When $n$ is even, we have:
$\det(A)=\det(A^T)=\det(-A)=(-1)^n\det(A)\Rightarrow \det(A)=\det(A)$
But why can't $\det(A)$ be negative in this case?
Since $A$ is skew-symmetric, if $\lambda$ is an eigenvalue of $A$ then $-\lambda$ is also an eigenvalue. Thus, in even dimension, the eigenvalues of $A$ come in pairs $\pm \lambda.$ Moreover, it is known that all the eigenvalues are imaginary.
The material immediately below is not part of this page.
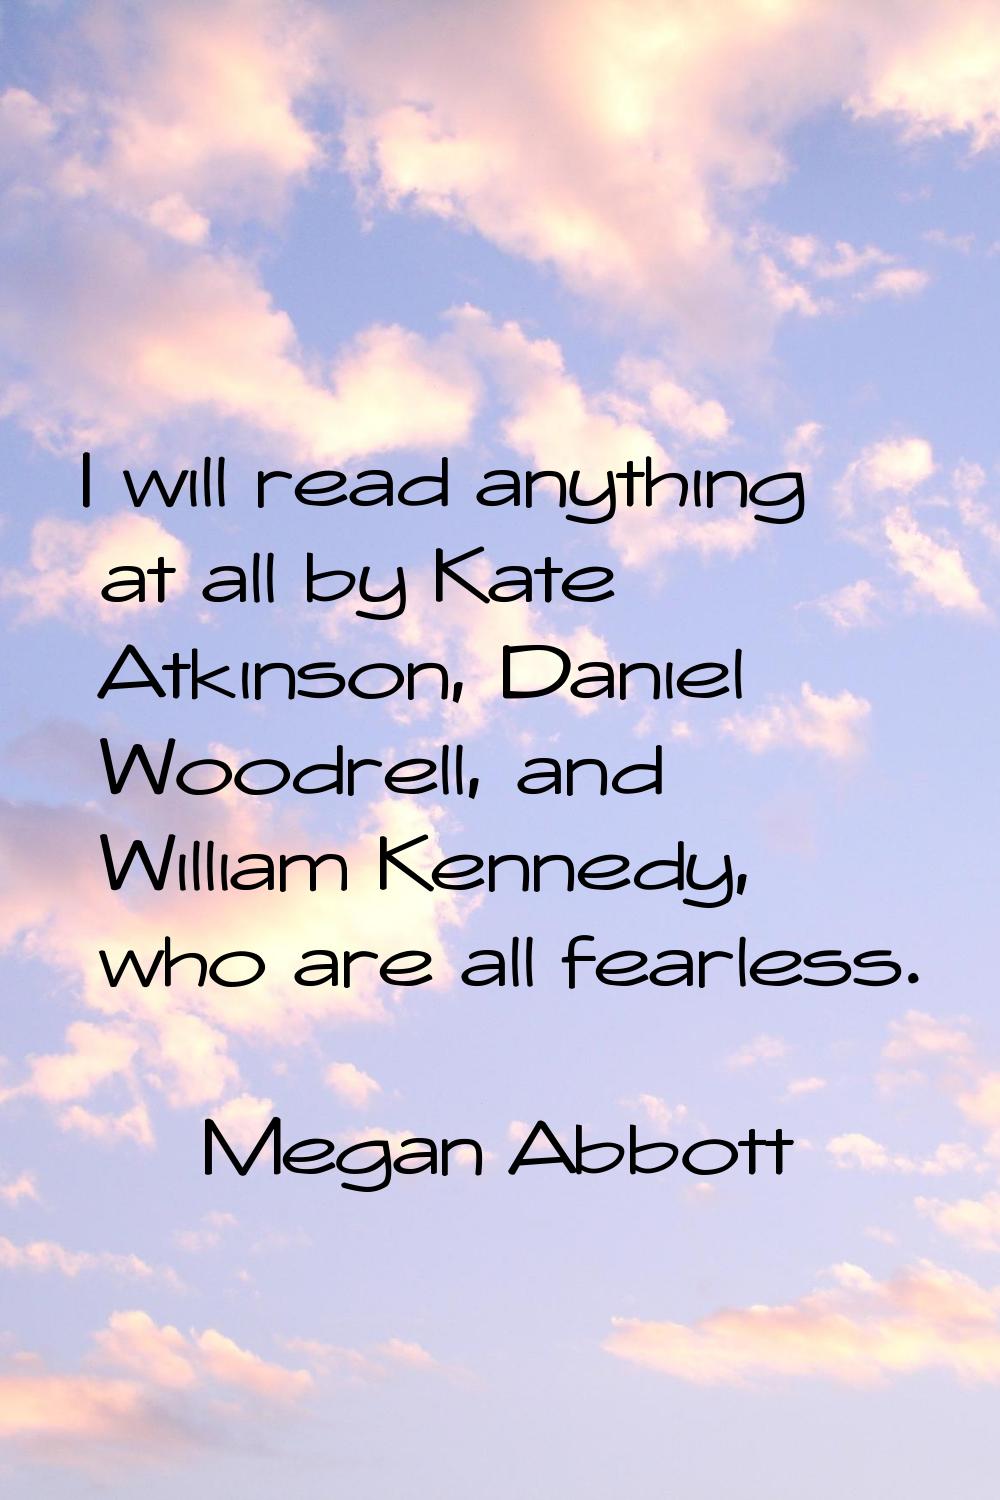 I will read anything at all by Kate Atkinson, Daniel Woodrell, and William Kennedy, who are all fea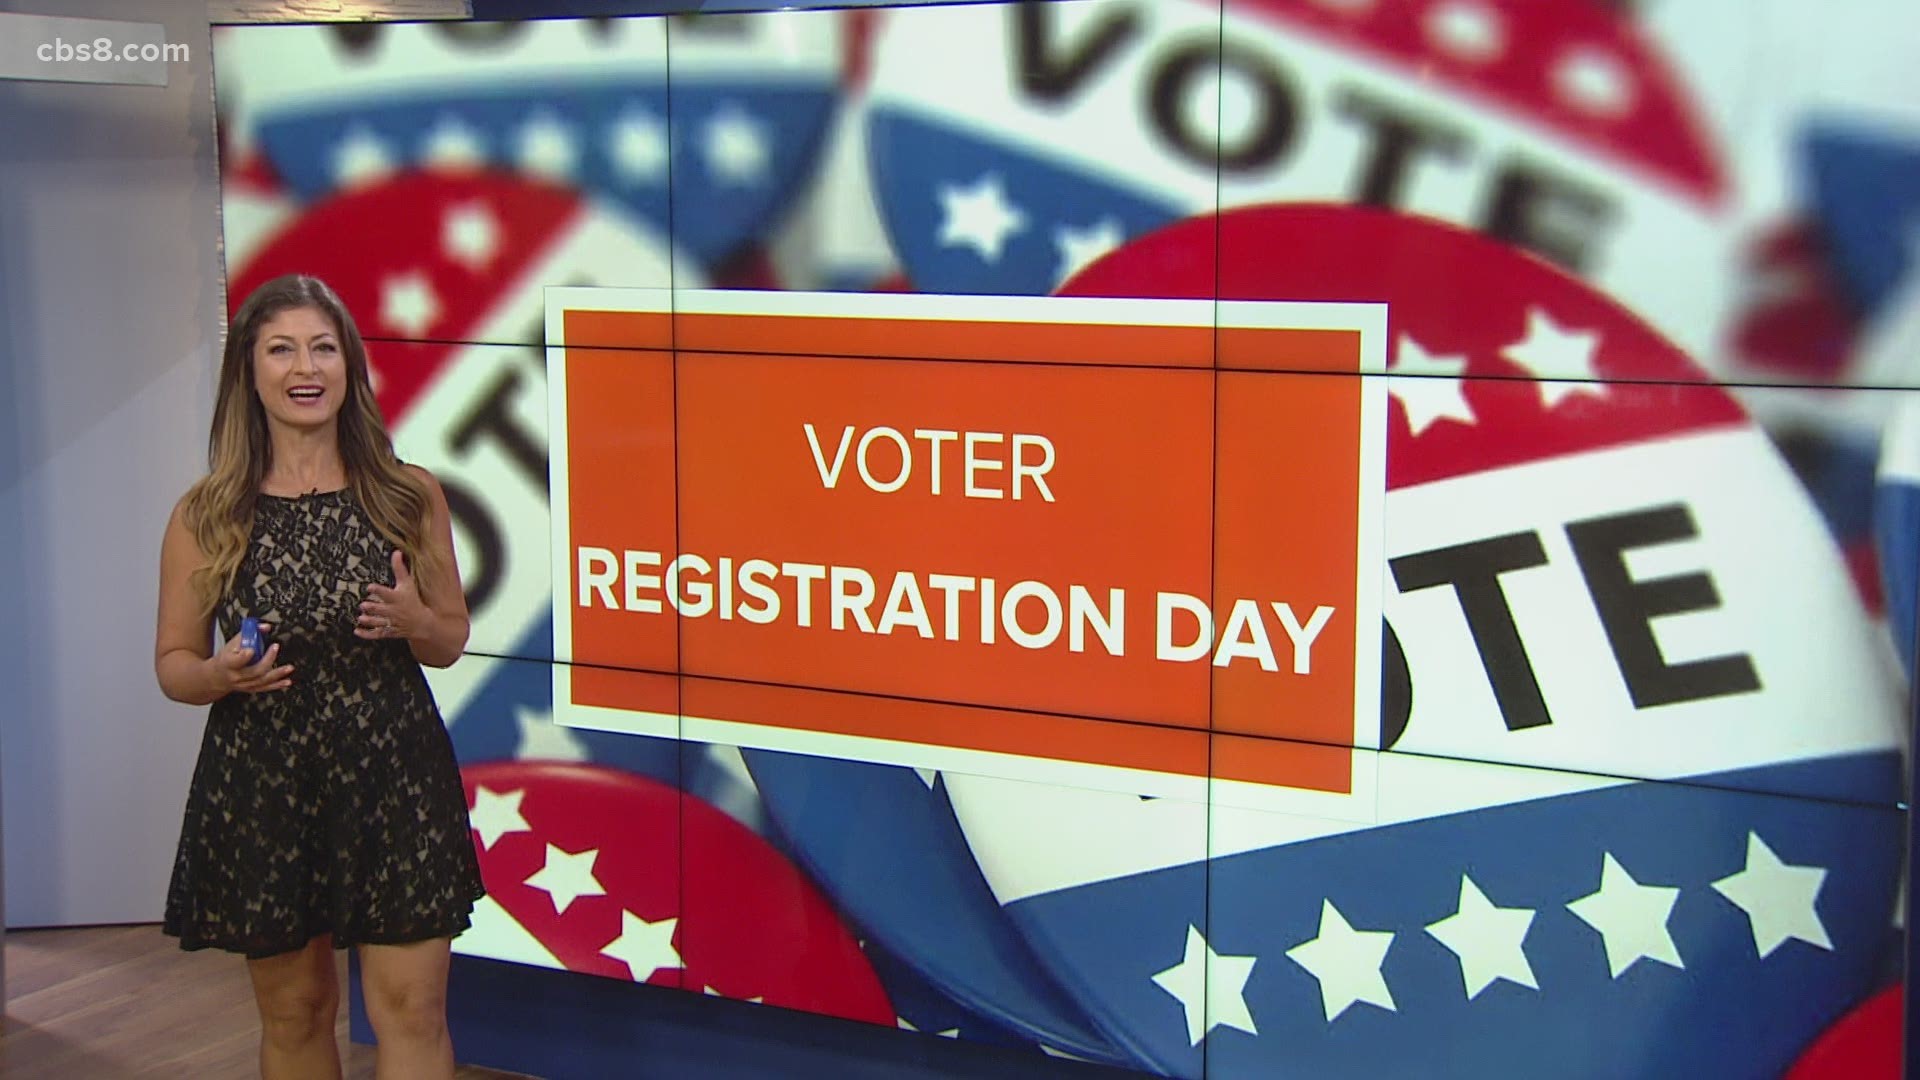 News 8's Neda Iranpour breaks down what you need to do to register to vote. She then explains what a provisional ballot is.

That is, the set of eigenvalues of $A$ is of the form $\{ \pm \lambda_1 i,\cdots,\pm \lambda_n i\}$ Thus,
$$\det(A)=\lambda_1 i\cdot (-\lambda_1 i)\cdots \lambda_n i\cdot (-\lambda_n i)=\lambda_1^2\cdots \lambda_n^2\ge 0.$$
Without the use of eigenvalues we can proceed as follows. The result is clear if the matrix is of order $2.$ If it has order $4$ is of the form:
$$\left(\begin{array}{cccc}0 & a_{12}& a_{13}& a_{14}\\ -a_{12}& 0 & a_{23}& a_ {24}\\ -a_{13}& -a_{23} & 0 & a_{34}\\ -a_{14}& -a_{24}& -a_{34} & 0\end{array}\right).$$ If the first row is $0$ then $\det=0$ and we are done. So, there is $a_{1i}\ne 0.$ Assume it is $a_{12}\ne 0.$ In other case change row $2$ with row $i$ and column $2$ with column $i.$ Now, we make zeros in the first two rows and columns and get the matrix
$$\left(\begin{array}{cccc}0 & a_{12}& 0& 0\\ -a_{12}& 0 & 0& 0\\ 0& 0 & 0 & a'_{34}\\ 0& 0& -a'_{34} & 0\end{array}\right).$$ All changes we have done doesn't change the determinant of the matrix. Now we get that the determinant is $$a_{12}^2(a'_{34})^2\ge 0.$$
We can do this argument with any symmetric matrix of order $n.$ We change columns and rows, if necessary, to get
$$\left(\begin{array}{ccc}0 & a_{12}& \cdots \\ -a_{12}& 0 & \cdots \\ \vdots & \vdots & A\end{array}\right)$$ with $a_{12}\ne 0.$ Now, we make zeros in the two first rows and columns to get
$$\left(\begin{array}{ccc}0 & a_{12}& 0 \\ -a_{12}& 0 & 0 \\ 0 & 0 & A'\end{array}\right).$$ We can show that $A'$ is skew-symmetric and that the determinant is $a_{12}^2\det(A').$ Now, $A'$ is a skew-symmetric matrix of order $n-2$ and we repeat the process.